----- Data section -----
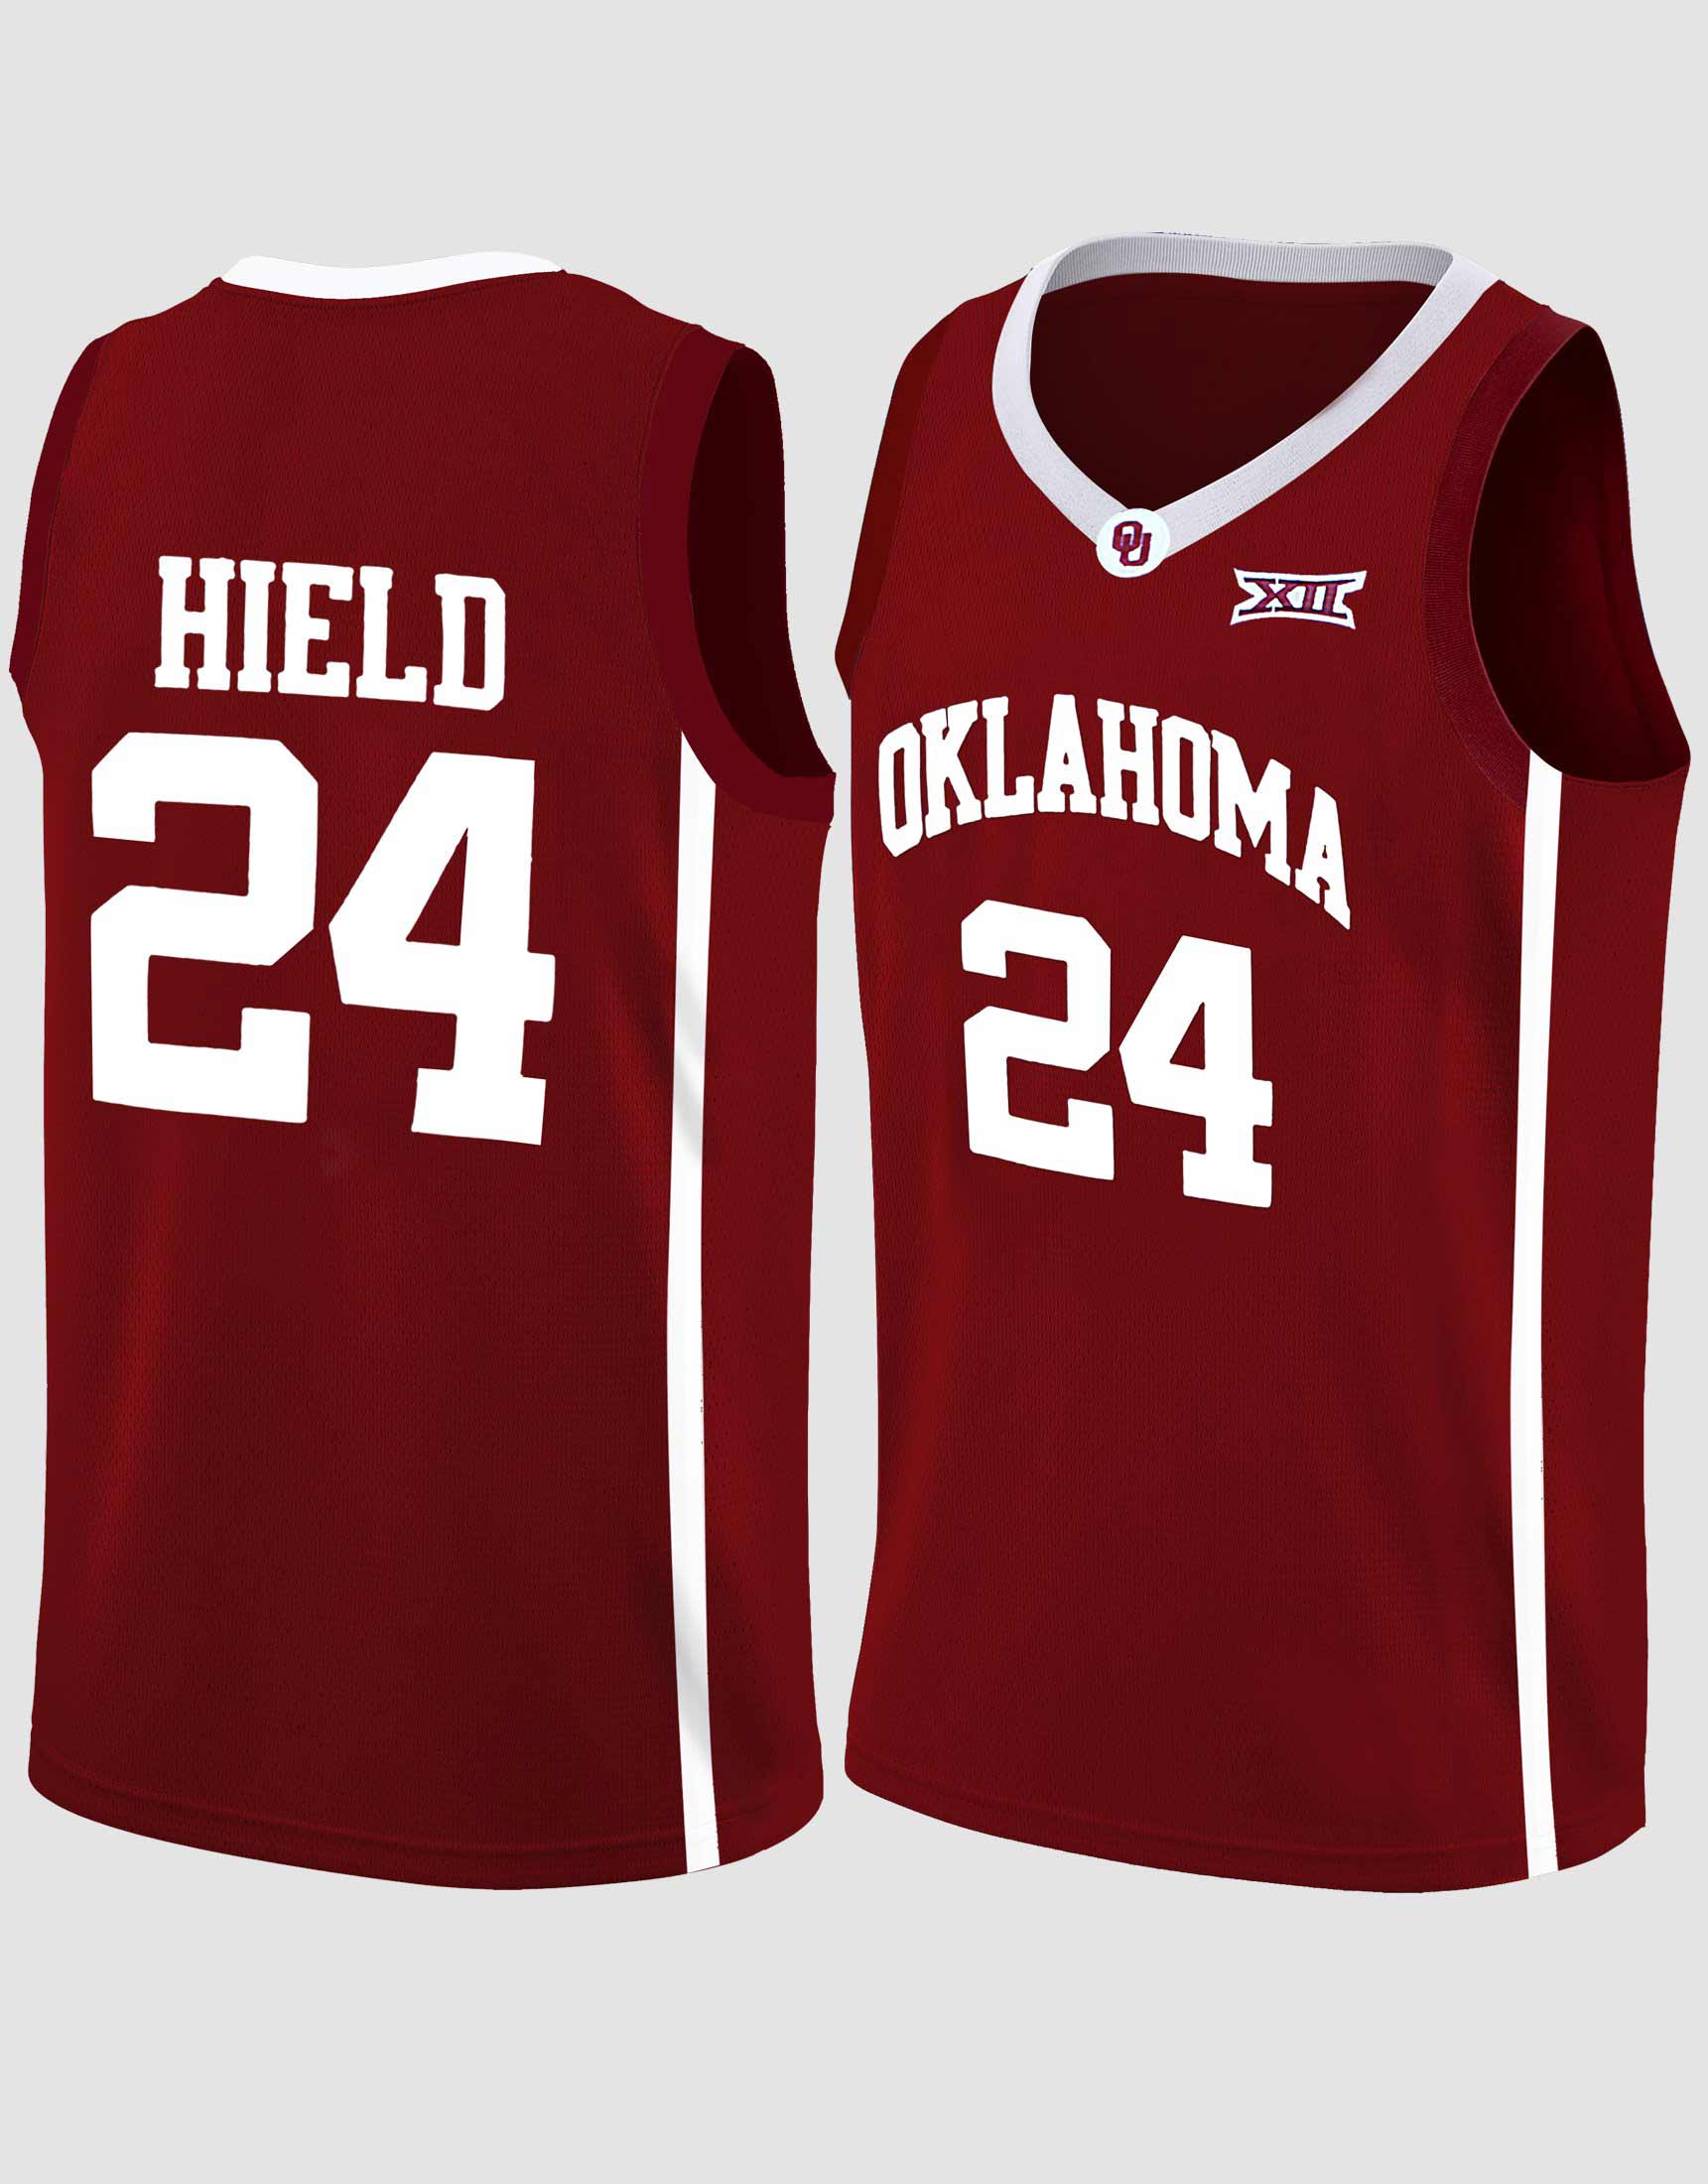 Buddy Hield Oklahoma Sooners College Basketball Throwback Jersey
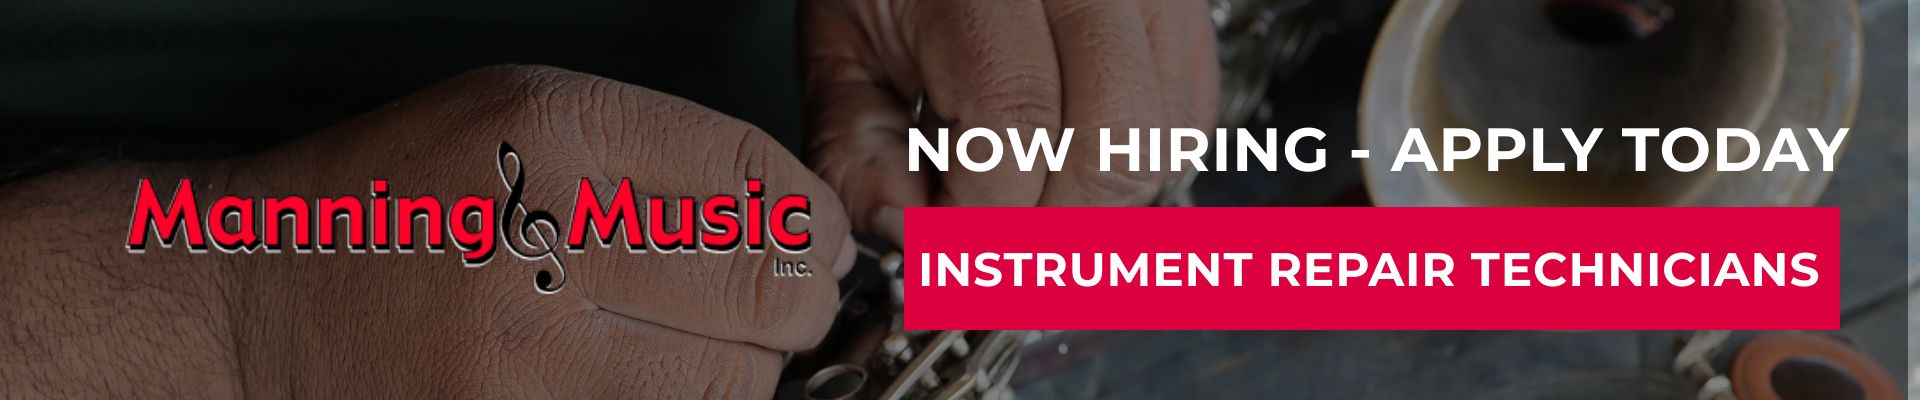 Manning Music Instrument Repair Technician Posting
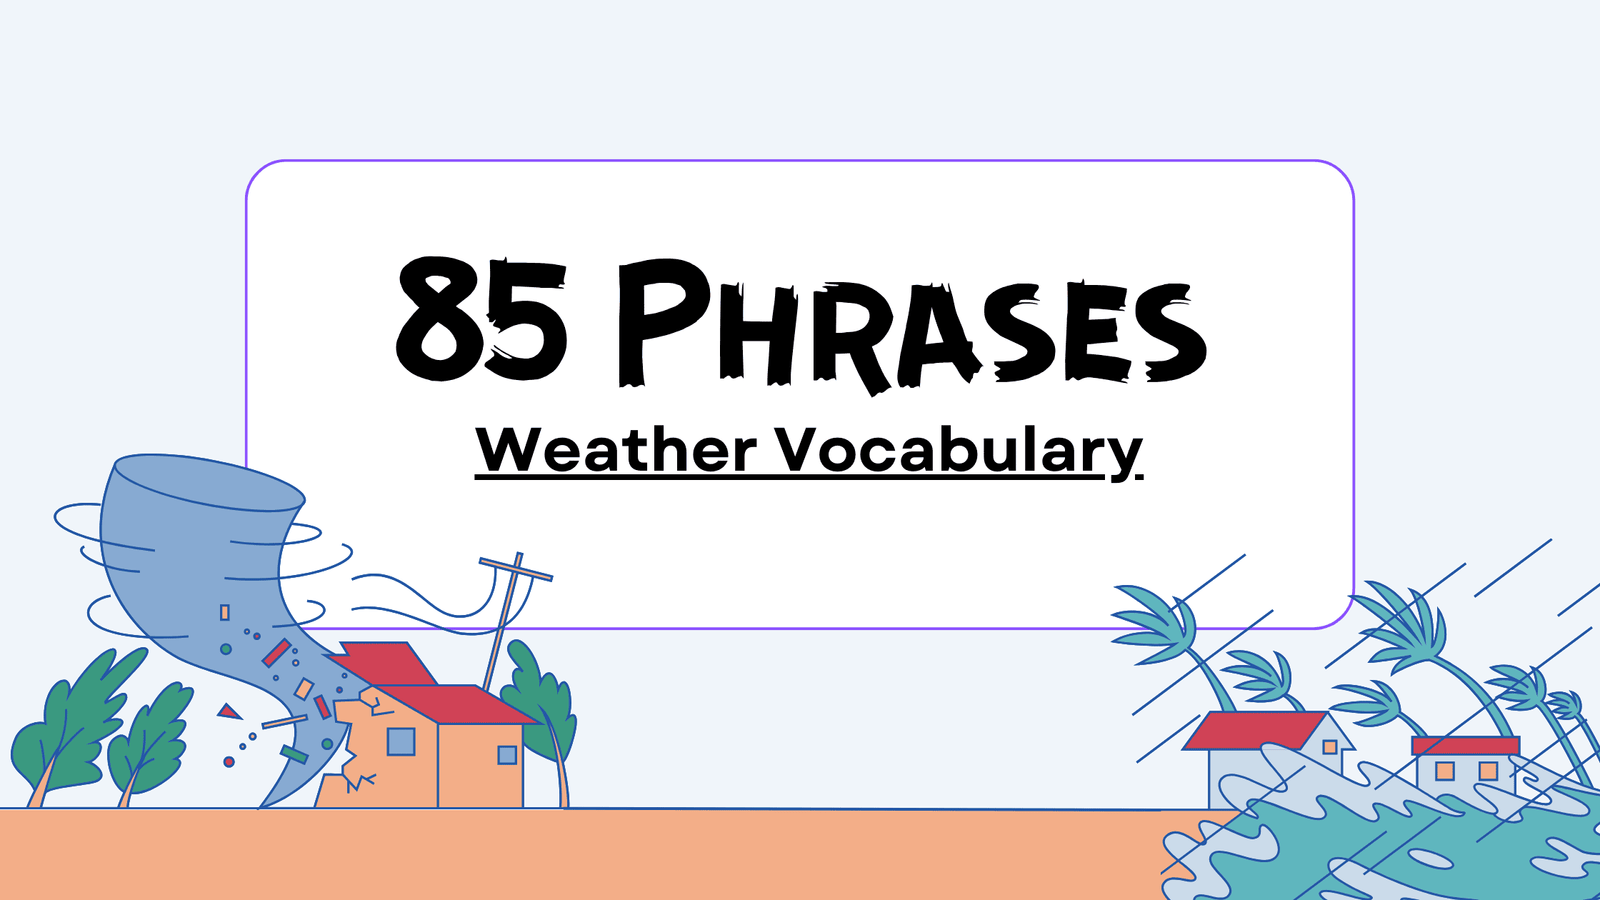 Weather Vocab, Weather Vocabulary, Phrases
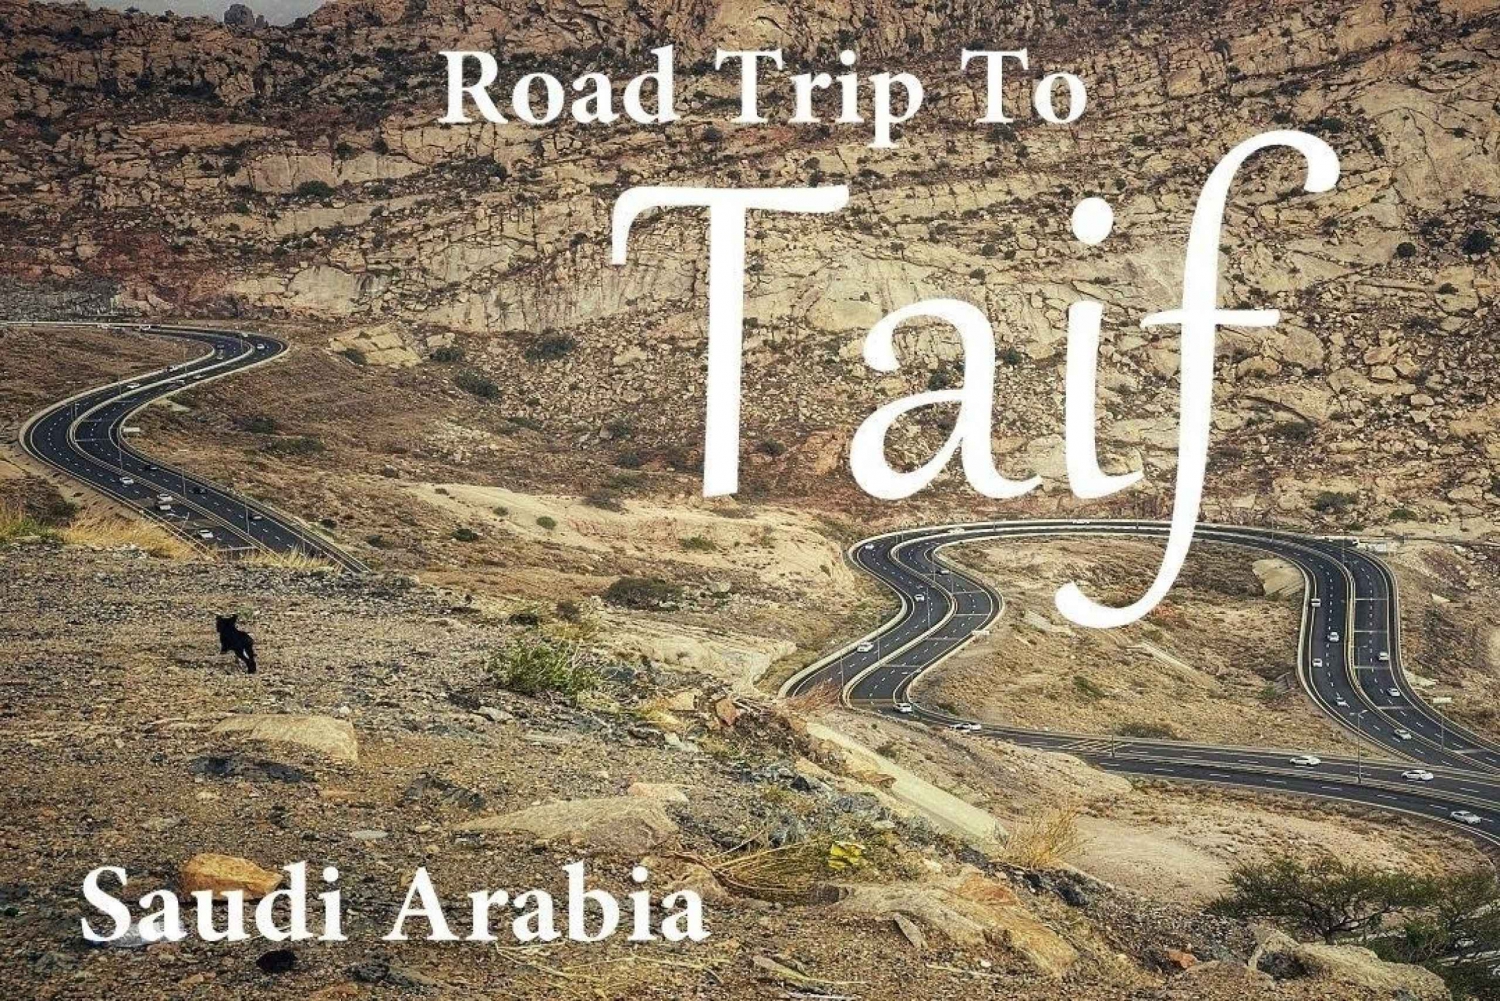 Arabia Saudí: Tour de la ciudad de Taif
-----
◆ Required action
Could you give the material again exactly as it stands, omitting any image?

◆ Task solution
 Buddy Hield Oklahoma Sooners College Basketball Throwback Jersey
 Manning Music Instrument Repair Technician Posting
 Weather Vocab, Weather Vocabulary, Phrases
 Arabia Saudí: Tour de la ciudad de Taif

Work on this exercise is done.